I can understand simple recursion, such as:

def count(n):
    if n <= 0:
        return
    else:
        print n
        count(n-1)

count(3)

However, when faced with more complicated code, such as, an implementation of Koch snowflake:

def koch(order, size):
    if order == 0:
            t.forward(size)
    else:
            koch(order-1, size/3)
            t.left(60)
            koch(order-1, size/3)
            t.right(120)
            koch(order-1, size/3)
            t.left(60)
            koch(order-1, size/3)

koch(1, 100)

I get confused. I do not understand how to follow these multiple recursive function calls.

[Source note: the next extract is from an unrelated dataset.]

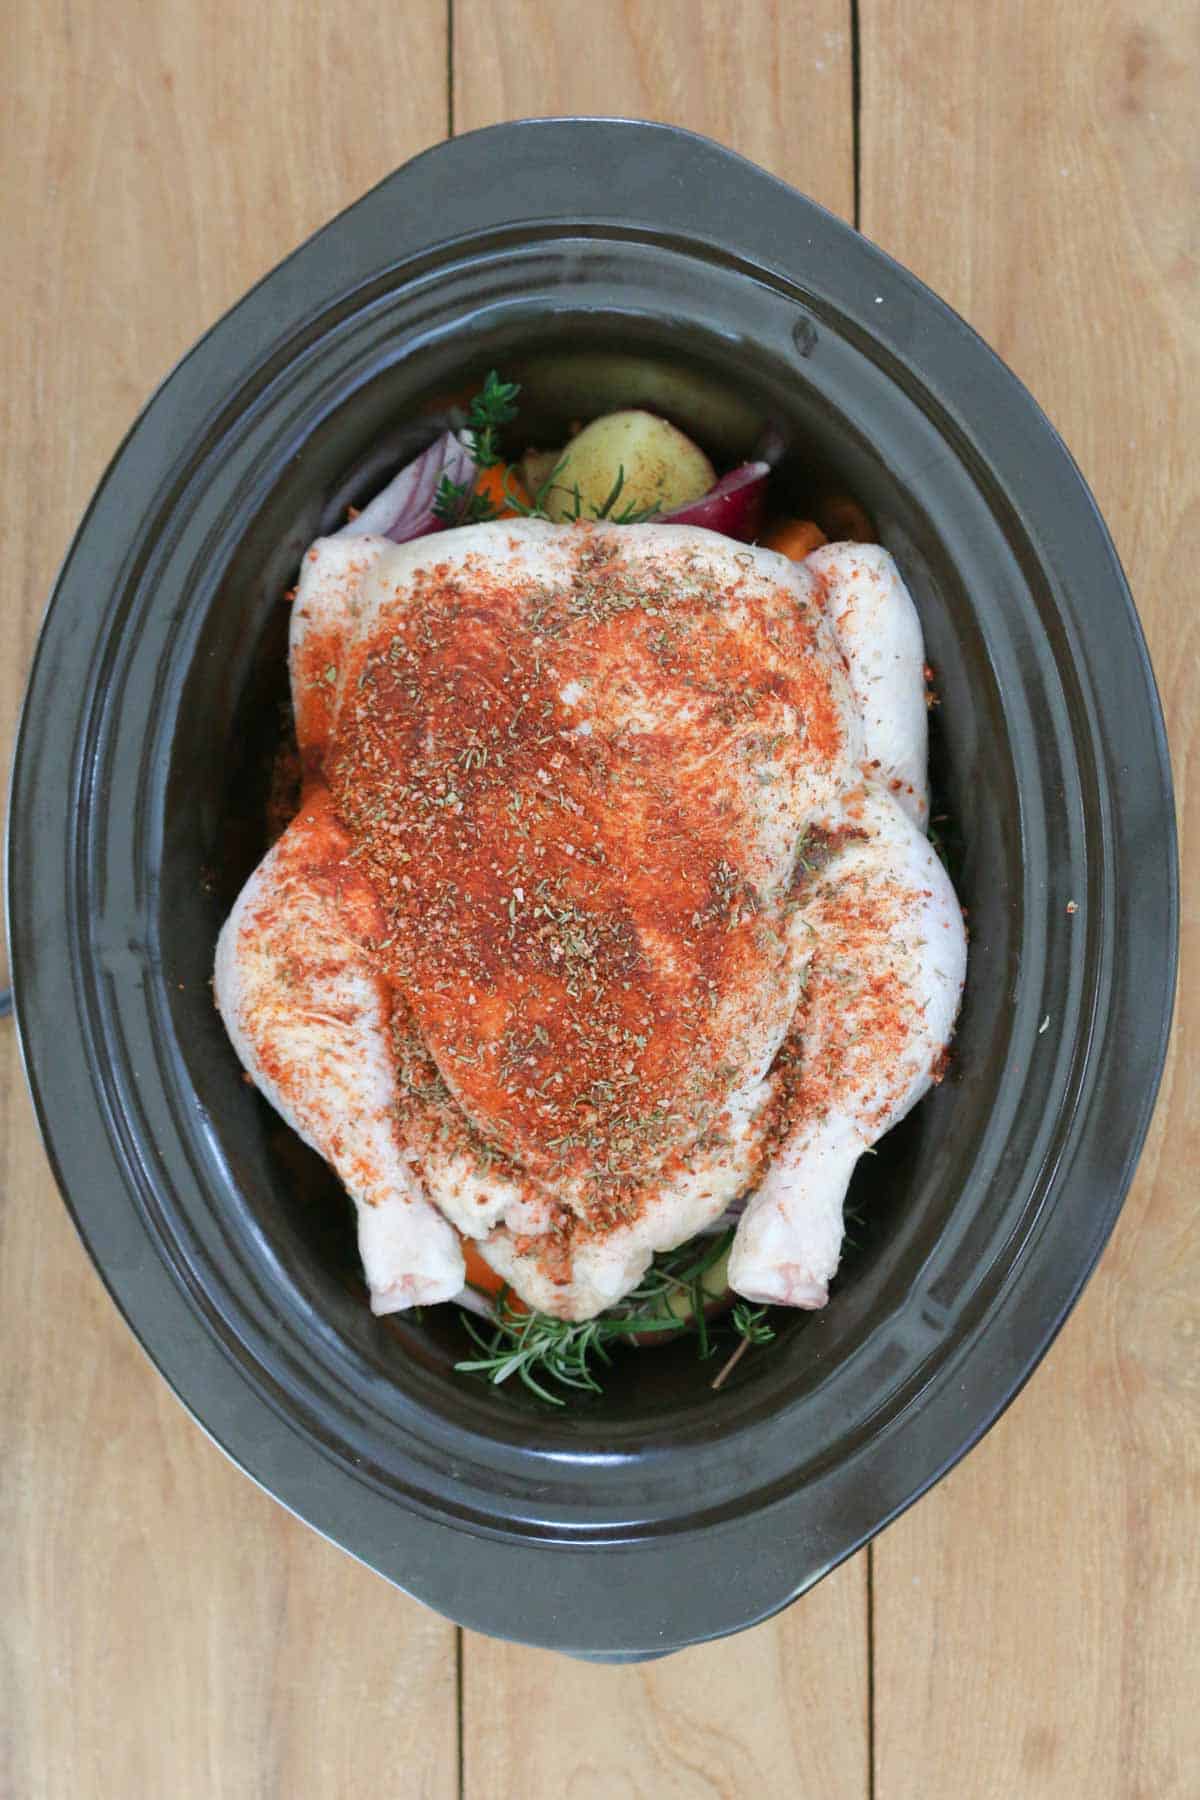 A seasoned uncooked chicken in a crock pot.

To understand recursion, first you must understand recursion. — Ernest Friedman-Hill, Jul 19 '13 at 11:37
practice practice and keep practicing... until u start understanding. — Zaheer Ahmed, Jul 19 '13 at 11:38
note that in most cases an iterative algorithm is the better approach. It won't need the stack and extra function calls. And there is a rule: Every recursion can be replaced by iteration. So, search for the iterative ones if you wanna have fun! :) Like [this](http://www.metashock.de/2013/07/iterative-algorithm-to-remove-a-directory-tree/) — hek2mgl, Jul 19 '13 at 11:43
@hek2mgl, but the iterative approach is prone to accumulation of floating point errors. It's easier to circumvent with the recursive approach. — John La Rooy, Jul 19 '13 at 11:52
First you need to know what is this t. Looks like the algorythm moves it forward, then changes direction, move one third forward, changes direction again, moves a thirr of a third....and so on, until order is 0. But it seems you should have not a single t, because there's not just one arm to increase, but lots of arms over arms. — Daniel Möller, Jul 19 '13 at 11:56
@gnibbler I like your comment, but don't understand it so far. can you give a link which demonstrates the problem? — hek2mgl, Jul 19 '13 at 12:11
possible duplicate of [Understanding recursion](http://stackoverflow.com/questions/717725/understanding-recursion) — ethan, Jul 19 '13 at 12:25
@hek2mgl, you mean the floating point errors? If you run `koch` to enough levels, you will finish up at a slightly different point that if you run only one or a few levels deep. — John La Rooy, Jul 19 '13 at 12:26
@gnibbler please explain. I'm not a python expert, but the topic should be general. Please explain also the advantage to iterative algorithms.. My poor understanding tells me that recursion is always limited because of the stack.. would really like to get teached — hek2mgl, Jul 19 '13 at 12:36
@hek2mgl, It's not Python specific. Do you understand that there are errors due to loss of precision when adding small floating point numbers to large ones? — John La Rooy, Jul 19 '13 at 12:54
@gnibbler Seems that I don't understand that currently as I didn't had a deeper look into `koch()`. But now I understand that you are pointing more to the `koch()` function than to general recursion. I've had in mind recursion in general when writing comments. — hek2mgl, Jul 19 '13 at 12:58
Also see http://stackoverflow.com/questions/17745148/i-dont-understand-recursion — llb, Jul 19 '13 at 13:33

score 2 · Accepted Answer · answered Jul 19 '13 at 11:41

2

I don't think it's especially easy for anyone to visualize the execution path in detail in their head. Drawing a tree, with the nodes representing the individual recursive calls, is a good way to visualize it on paper. If each node is a bubble, you can put information about variable states, etc., in them. In the situation where there are multiple recursive calls, each node will have multiple trees under it, representing a timeline.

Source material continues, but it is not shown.